This week I am facilitating my final workshop for the Poetry Translation Centre, as Ed Doegar will be taking over. I’ve been leading the PTC workshops for the last five seasons, and it’s been one of the most enjoyable jobs I’ve ever had. Thinking about why this is, I suppose it’s because I’ve been able to occupy a strange, hybrid position – half-teacher, half-student – during the classes. Each week a translator has come in and introduced me to a new poet; a new culture; the music of a new language. Only after I have absorbed a mini-lecture and listened to the poem in the original language have I had to stand up and begin my work – getting the workshop participants to pick through the poem line-by-line, producing a new translation that sings in English.

It has been a poetic education then. I’ve been fascinated by a Swahili form that rhymes mid-line; have heard experts talk about the ghazal and the tanka. I’ve learnt about the Chinese ‘Lower Body Poetry’ movement and the Hebrew ‘Ars Poetica’ school. I heard how Thai often doesn’t use articles so you might say ‘go school’ instead of ‘I’m going to school’ (Mui Poopoksakul said it can be ‘almost like a bullet’); that Georgian is a ‘synthetic language’ where everything happens in the verb; that Chinese poetry has three sorts of ambiguity that make it difficult to translate into English (ambiguity of number, of tense and of subject). Every week poets have made us see global headlines from a human perspective – the Fukushima disaster; Brazilian ‘black bloc’ activists; trans rights; the destruction of cultural treasures by Isis; dryboarding at Guantanamo.

But it has not all been serious.

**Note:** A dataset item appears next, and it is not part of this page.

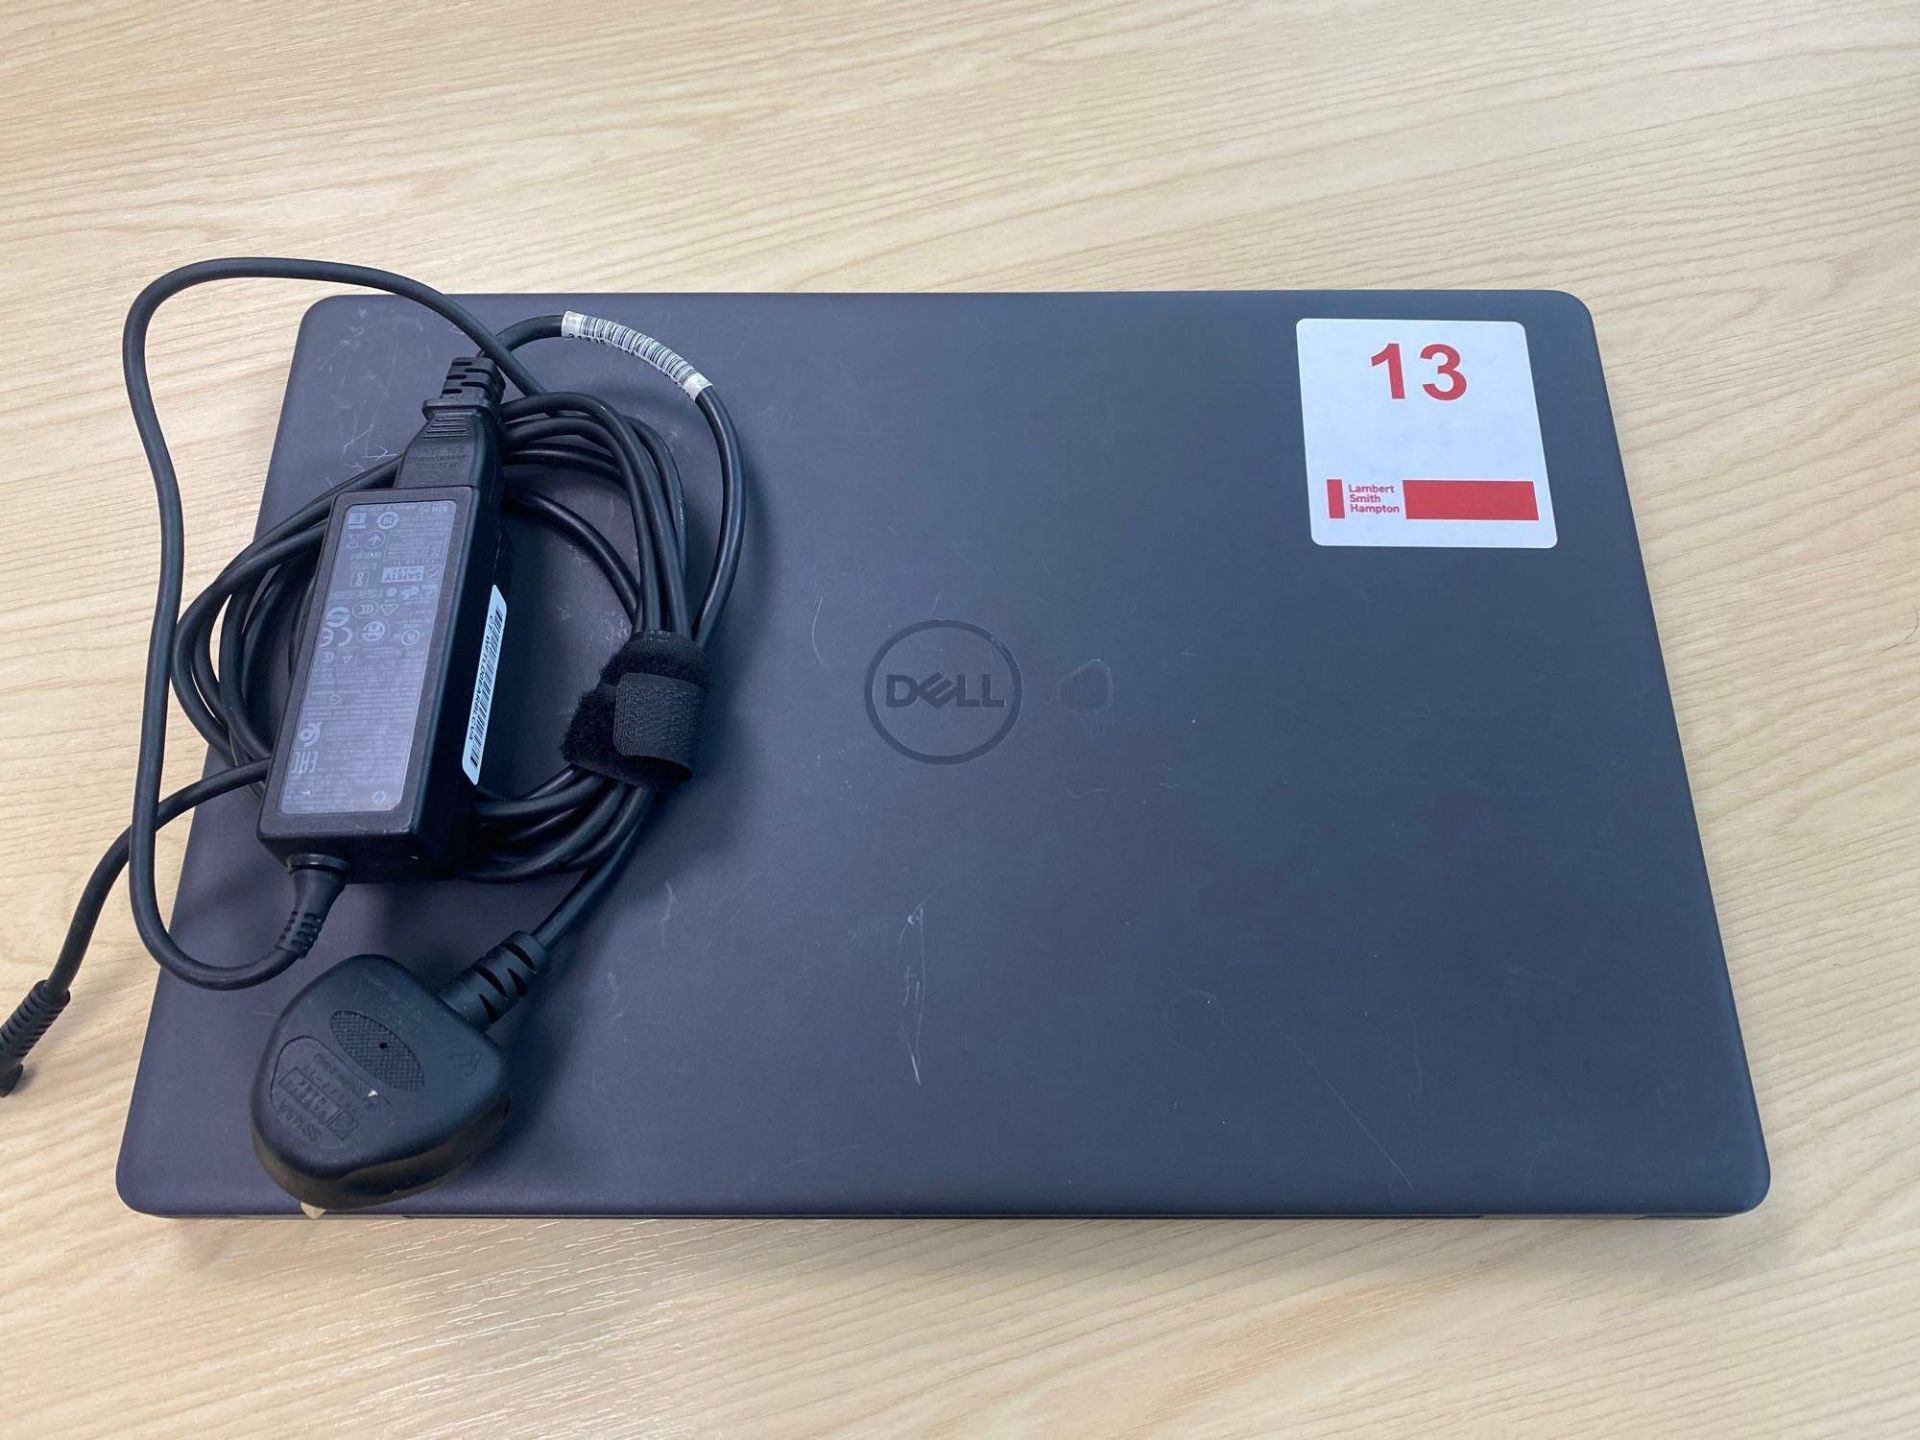 Dell Inspiron 15” laptop with i3 processor complete with charger - Image 5 of 5

We have also had a lot of fun, learning interesting trivia about Polish chairs and Korean barbecue bacon (apparently ‘the best dinner in the world’); speculating about shows on HBO; listening to cheesy Zanzibar pop-songs. A group of regulars has slowly been building, and certain phrases have gained currency between us as potential T-Shirt slogans ( ‘Melted in all the hatred of existing’ by Debra Yatim is a frontrunner) , or are occasionally shouted out by PTC Communications Manager Bern at the end as he tries to take our photo for the website – “Say: ‘Fuck you, train.’”†

There has been a sadness, I should say, over the time I have been doing these classes, as it also coincided with the illness and death of Sarah Maguire who established these workshops. It was Sarah who had the remarkable vision to see that translation could be a communal, collaborative process. In these dark times, meeting every other week to translate with other people who are curious and generous about the world has felt not just uplifting but urgent. After I had been doing it for six months, I saw her at the TS Eliot awards, where she was showing everyone her operation scars and still sparkling. ‘I’m glad you’re doing the workshops, Clare,’ she said, as we were hugging goodbye. ‘Because I know you’ll enjoy it. It’s such fun, isn’t it?!’ And it was.

† From ‘White Trash’ by Legna Rodriguez Iglesias.